For this exercise, an exact copy is needed of only the lines from the one containing "Afrika Bambaataa: How" through the end of the data, with pictures left out.

*DATA SECTION:*
#####
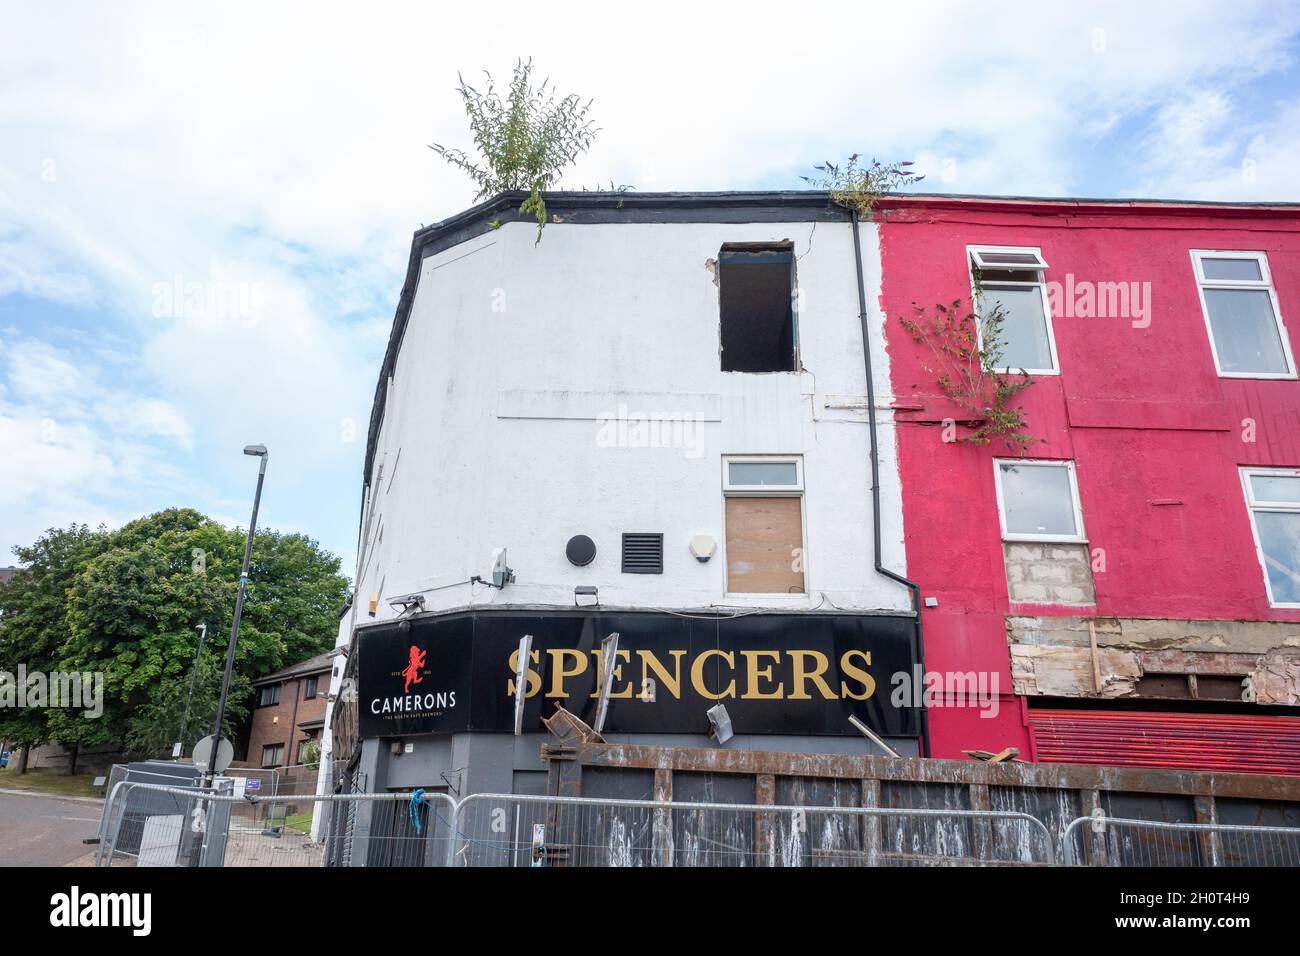 Gateshead UK: 14th August 2021: Old abandoned pubs being prepped for demolition Stock Photo
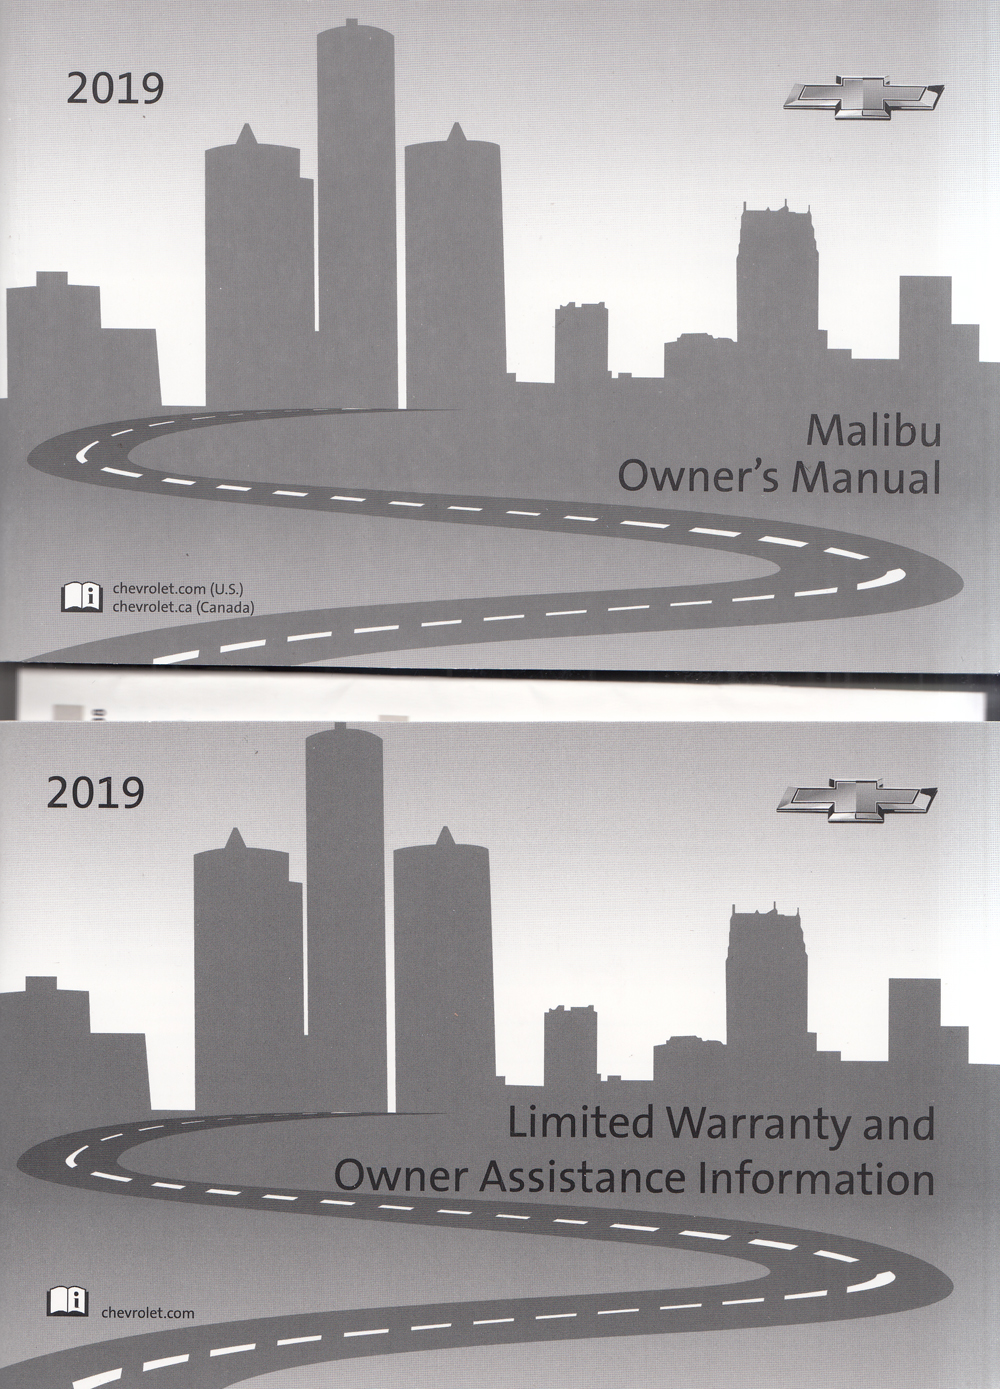 2019 Chevrolet Malibu Owners Manual with Pamphlets Original
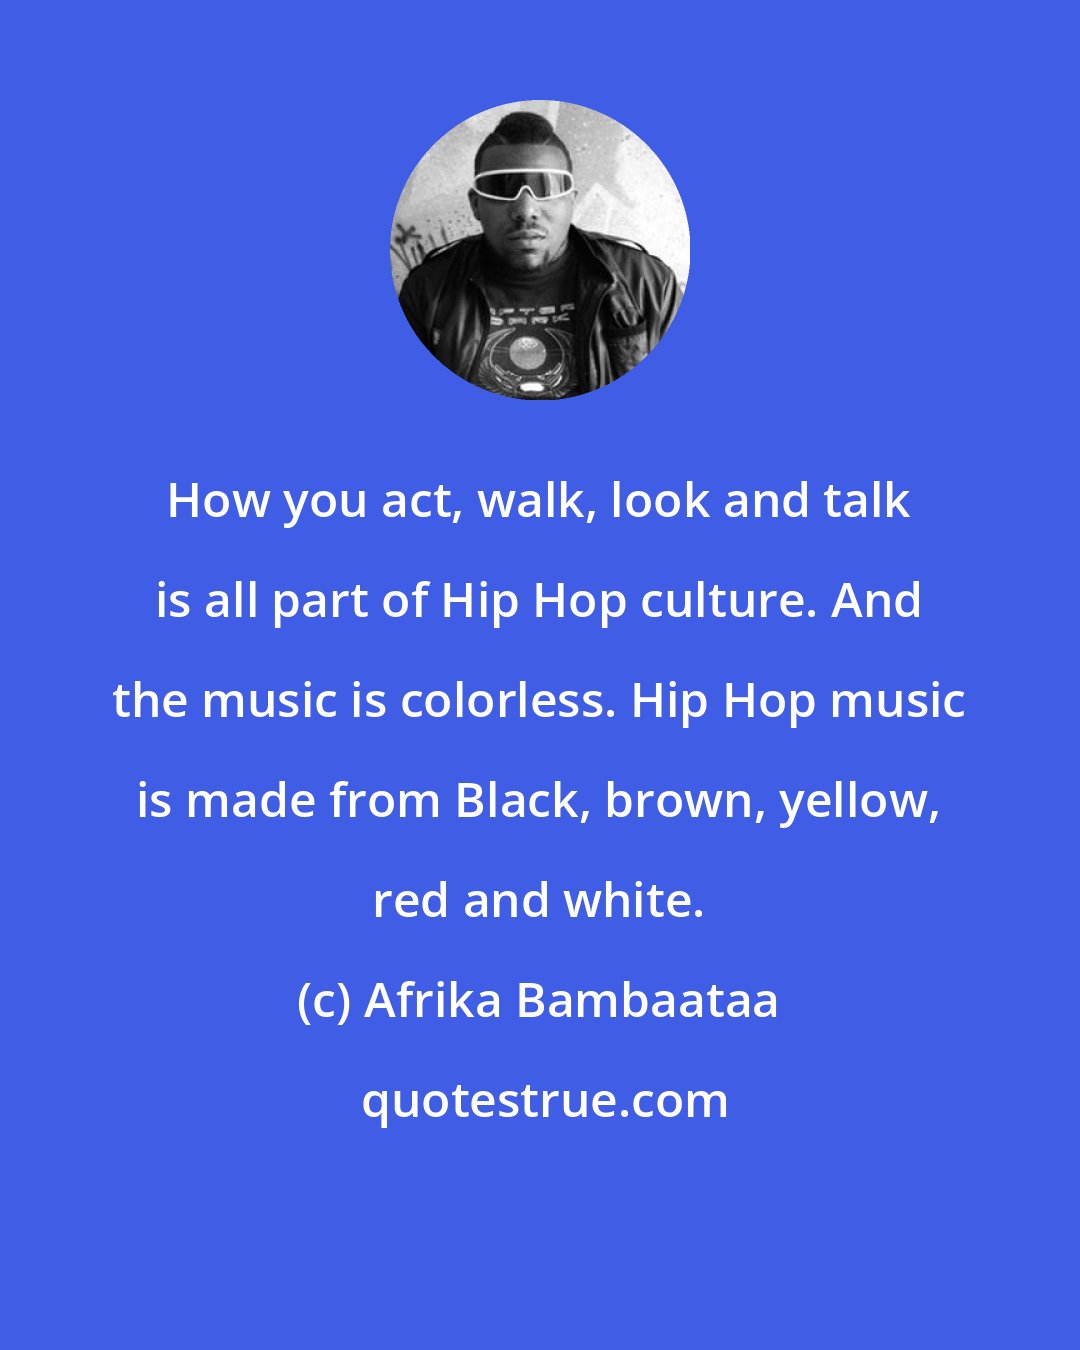 Afrika Bambaataa: How you act, walk, look and talk is all part of Hip Hop culture. And the music is colorless. Hip Hop music is made from Black, brown, yellow, red and white.
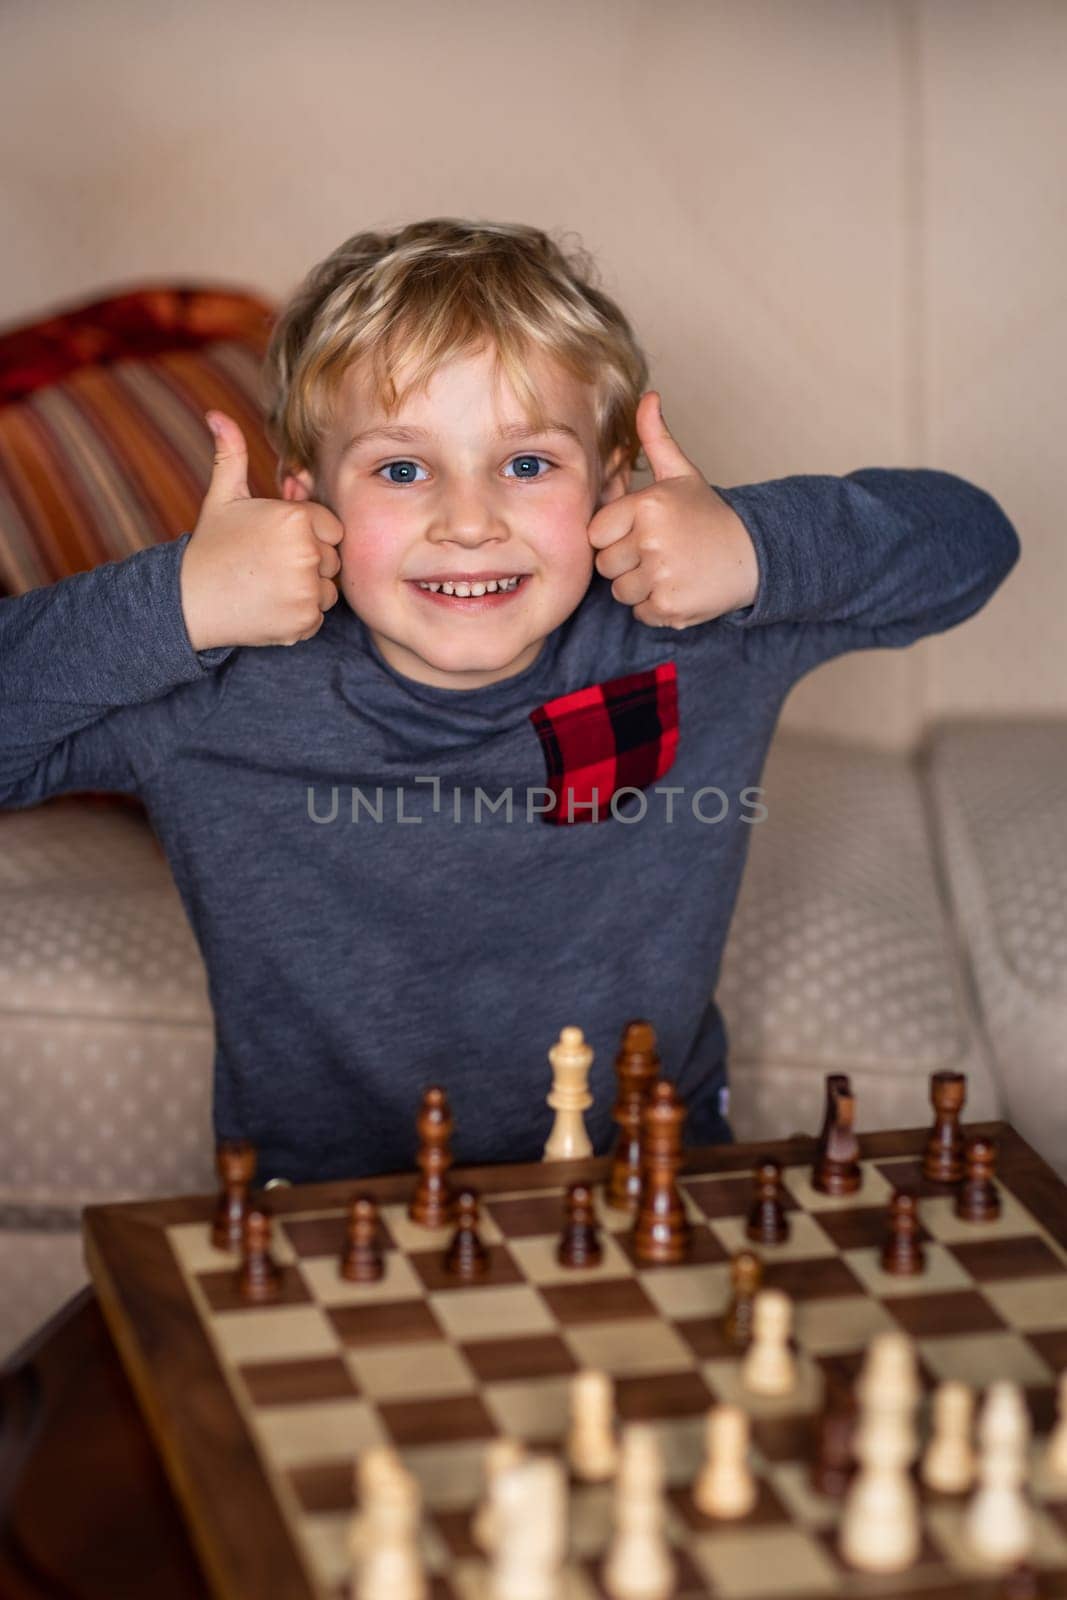 Small child 5 years old playing a game of chess on large chess board. Chess board on table in front of the boy he is happy to win, showing thumbs up
#####
*YOUR RESPONSE:*
 Afrika Bambaataa: How you act, walk, look and talk is all part of Hip Hop culture. And the music is colorless. Hip Hop music is made from Black, brown, yellow, red and white.
 Small child 5 years old playing a game of chess on large chess board. Chess board on table in front of the boy he is happy to win, showing thumbs up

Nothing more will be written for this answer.